Процессам демократизации речи, как и всей наблюдаемой сейчас «смене стиля», изменению самой манеры общения, известный стимул был, несомненно, дан речью М. С. Горбачева, воспринятой сначала как безоговорочный образец для подражания (см.: Капанадзе Л. Грамматика гласности. РГ, 12.3.92). В ней сплелись далеко не всегда, конечно, гармонично, по меньшей мере, четыре струи:

(1) вполне литературная, даже часто излишне строгая книжная с избытком иностранных слов – муссируется, реагирование, вельможность, приватизация, конверсия, разгосударствление, раскрестьянивание;

(2) раскованная обиходно-разговорная – разбираловка на площади, жареные факты, я был ошарашен, политическая камедь;

(3) партийно-жаргонная, управленческая – вызвать на ковер, влепить строгача, тут нам подбрасывают, давайте опреде́лимся, сейчас обменяемся и примем решение, прибавить в работе, это наш позитив;

(4) народная с южно-диалектным оттенком – ложьте сюда, там купон, там таможня, там бартер – тревога у людей получается, правда? раздрай.


Последнее слово, ранее в литературной речи неизвестное, получило сейчас распространение: «межреспубликанского раздрая» внутри России нет (в речи Б. Н. Ельцина!

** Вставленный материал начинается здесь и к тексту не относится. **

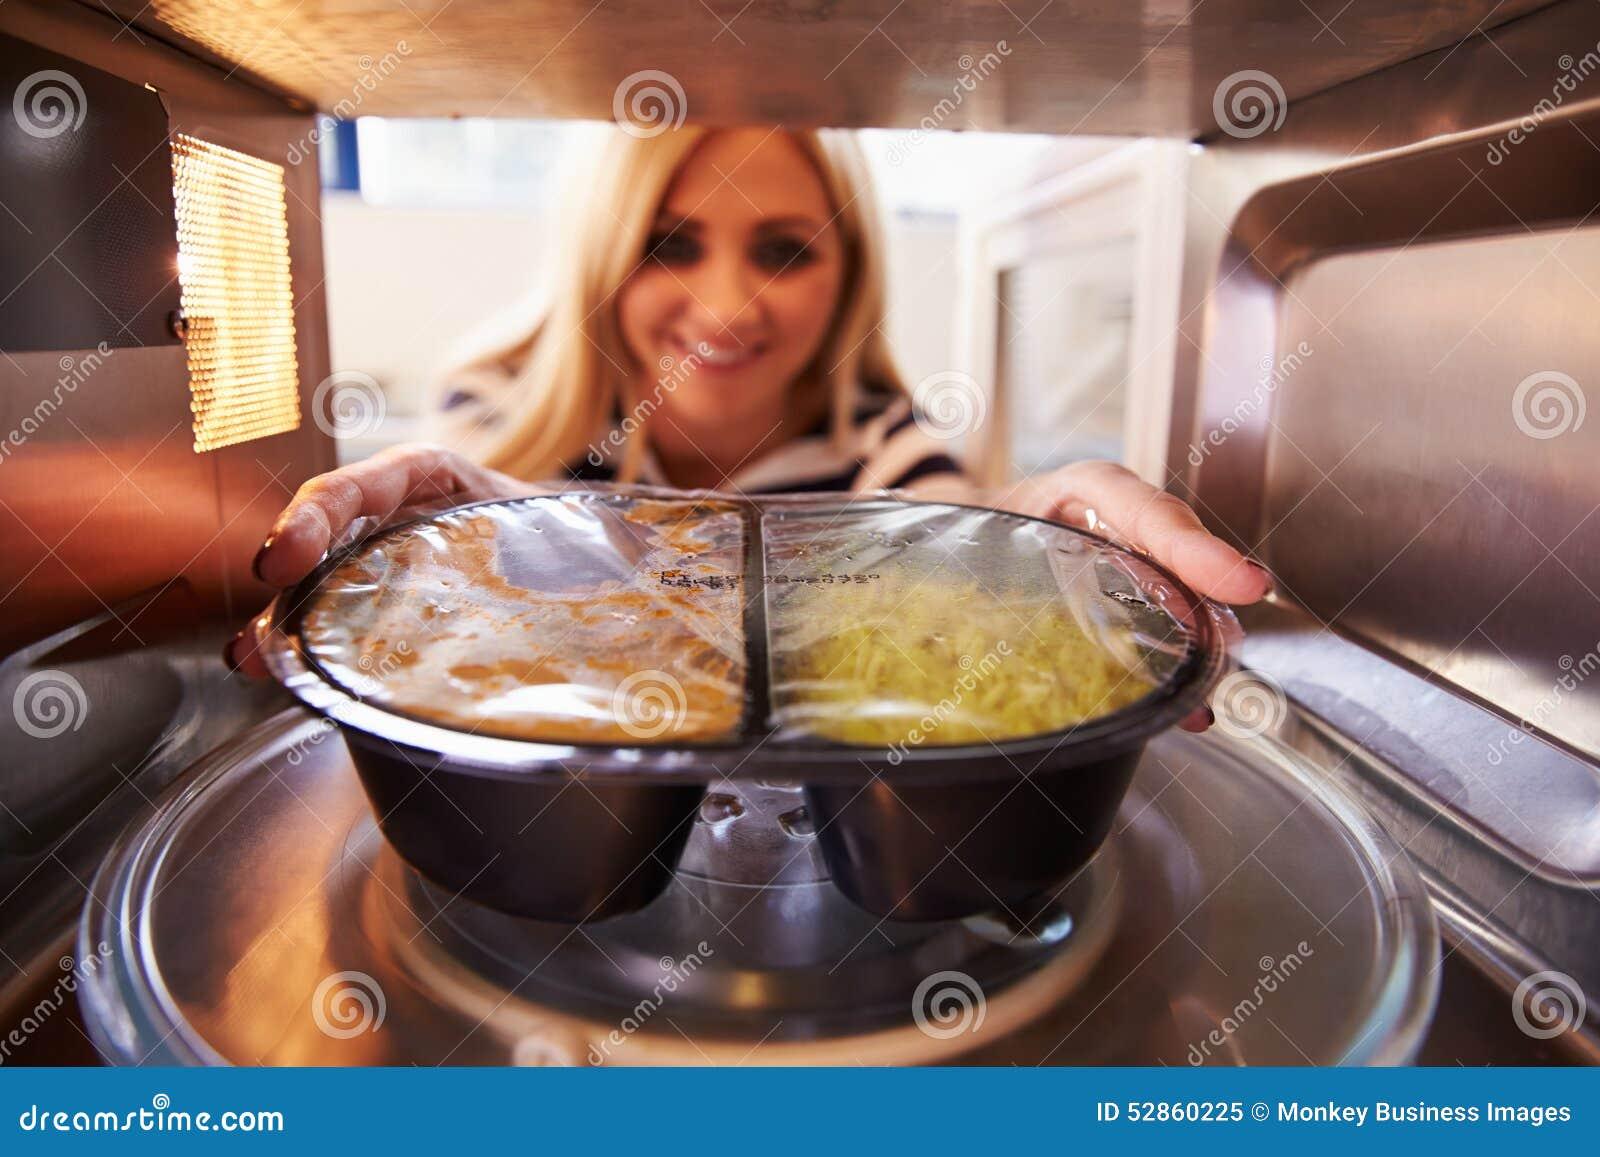 Kobieta Stawia TV gościa restauracji W mikrofala piekarnika Gotować

АиФ, 1993, 16), Царил полный раздрай, мелкие партии и движения пожирали друг друга (Изв., 14.1.95), Показали наличие «раздрайных» свойств душевного состояния (об упадке духа в армии. Пр., 10.3.95).

Многомерность языка стала принципом публичной речи, передвинувшейся от монотонности официоза к полифонии личностной разноголосицы; на месте продуманной точности запрограммированных и обкатанных формулировок воцарилась манера неподготовленных разговорных фраз с поиском нужного слова, естественными оговорками, повторами, ошибками. Живее стала стилистика газетной полосы и особенно телепередач.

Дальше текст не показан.